Who will close for the Phillies? Rob Thomson discusses


The Phillies began the offseason with the hard-throwing, righty-lefty duo of Seranthony Dominguez and Jose Alvarado at the back end of their bullpen and added another pair fitting the description in Craig Kimbrel and Gregory Soto.

Phillies manager Rob Thomson will have multiple options at his disposal to close on any given night, and from the sounds of it, he again won't anoint a closer.

"I kind of like the floating closer, if you will," Thomson said Wednesday in the Phils' clubhouse. "It just gives us a few more options."

Eleven different Phillies relievers had a save last season. Dominguez, Corey Knebel, David Robertson and Brad Hand had at least a handful. Dominguez was clearly their top reliever by season's end, but in the playoffs, the Phillies had five saves and each came from a different pitcher: Zach Eflin, Alvarado, Dominguez, Ranger Suarez and Robertson.

Most teams still do name a closer, but bullpen management has changed substantially over the last two decades to the point that managers routinely recognize and feel comfortable using their best reliever for outs prior to the final three. Sometimes the highest-leverage situation is in the seventh or eighth. Sometimes it's Ronald Acuña Jr., Austin Riley and Matt Olson due up in the eighth with Eddie Rosario, Marcell Ozuna and Vaughn Grissom hitting in the ninth. Which trio do you want your best reliever facing?
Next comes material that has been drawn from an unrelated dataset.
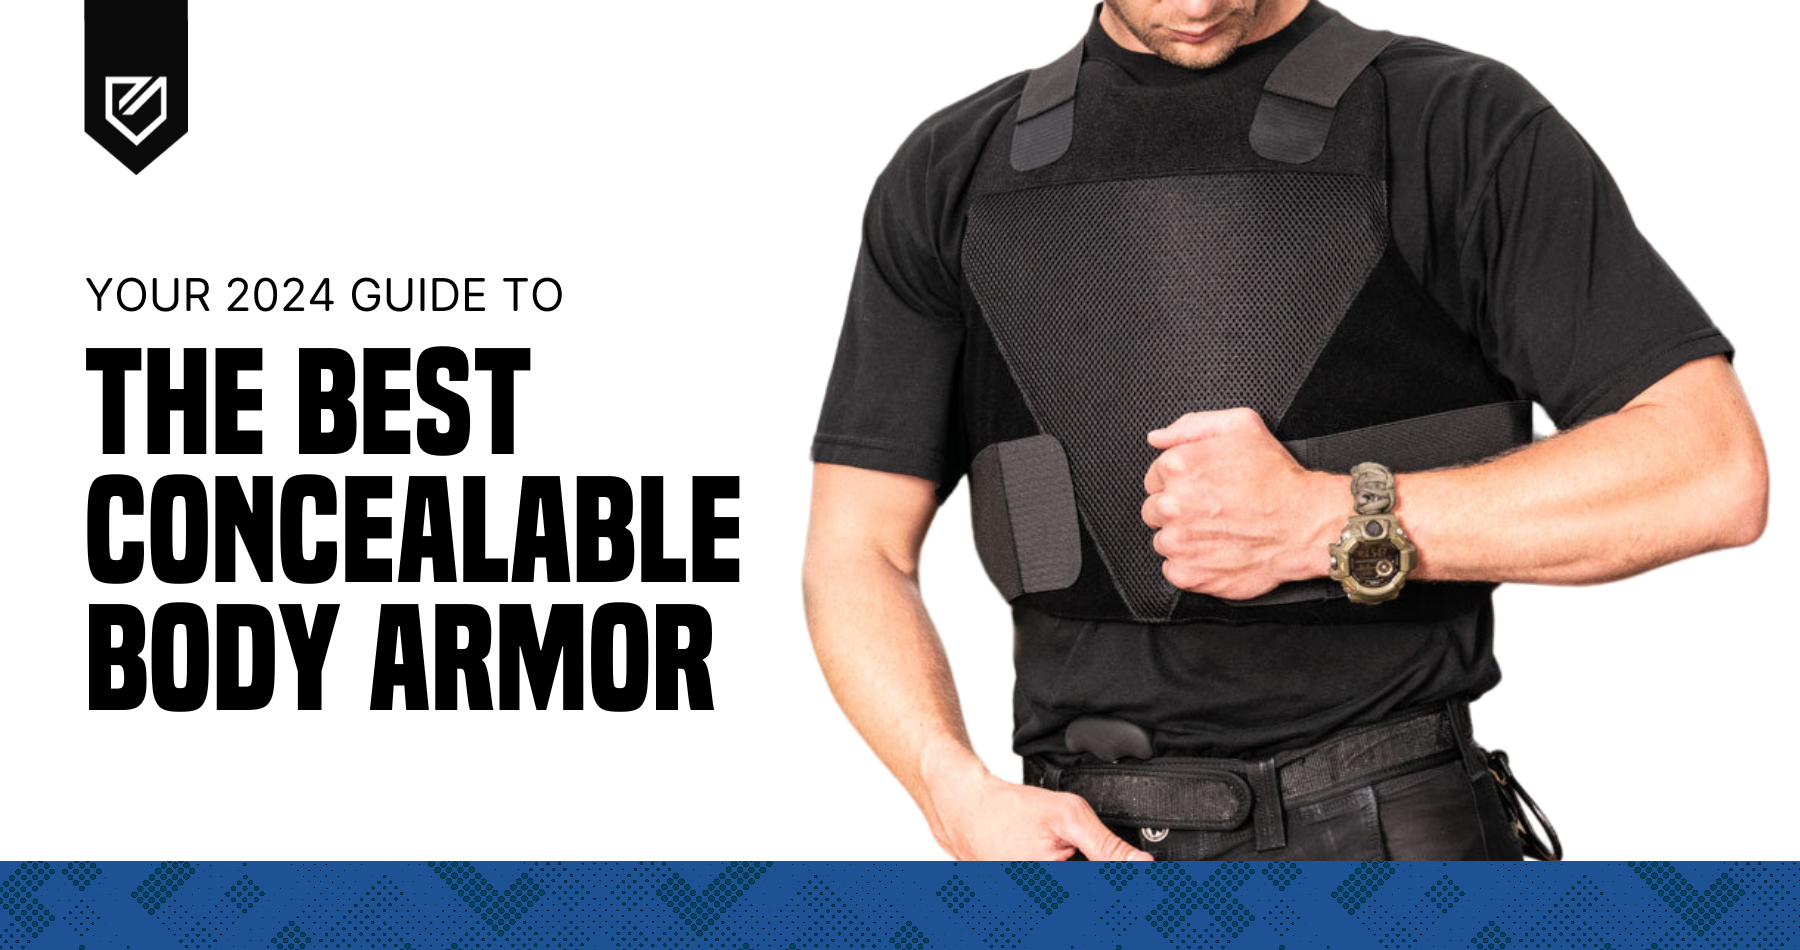 The Best Concealable Body Armor

"If you anoint a closer, sometimes that guy ends up pitching the ninth inning and it's really a spot someone else can take advantage of, and that guy might take a spot where it's not the best area to pitch," Thomson said.

It shouldn't affect most of the Phillies' key relievers. Dominguez, Alvarado and Soto have all spent time as setup men in addition to closing. The Phils' first bullpen signing of the offseason, Matt Strahm, isn't a closer.

Kimbrel is a different story. He has 394 career saves and might be headed to the Hall of Fame someday. The only two brief periods he was used as a setup man (2019 and 2021), he struggled. He had a 0.49 ERA in 39 appearances as the Cubs' closer in 2021, was traded to the White Sox to set up for Liam Hendriks and had a 5.09 ERA the rest of the way. In the shortened 2020 season, he posted a 5.28 ERA as the Cubs mostly used Jeremy Jeffress to close.

The Phillies signed Kimbrel to a one-year deal worth $10 million, the same contract they gave Knebel last season. Knebel began the season as the Phillies' closer but was removed from the role in mid-June after blowing four saves in the span of 11 opportunities. He was eventually lost for the season to an arm injury but still led the team with 12 saves.

It seems more likely this season that the Phillies have several players with 8 to 10 saves than one guy with 35.

"Unless somebody steps up and is completely dominant," Thomson said. "You're gonna have to give guys days off so having that depth in the bullpen is really big. I think it worked pretty well last year with the way we did it."
Does it make it more difficult to get your relievers to buy in, particularly if they're entering a new situation like Kimbrel and Soto?

"It does if they're not having success, and usually that's because we've put them in the wrong spot," Thomson said. "If you put them in the right spot and they have success, I think they're good."

Whoever ends up closing, this has a chance to be a very good Phillies bullpen given the velocity, overall stuff and experience. Kimbrel, Soto and Alvarado have all had trouble throwing strikes at various points throughout their careers and their collective control will go a long way in determining the success of the bullpen and the 2023 Phillies as a whole.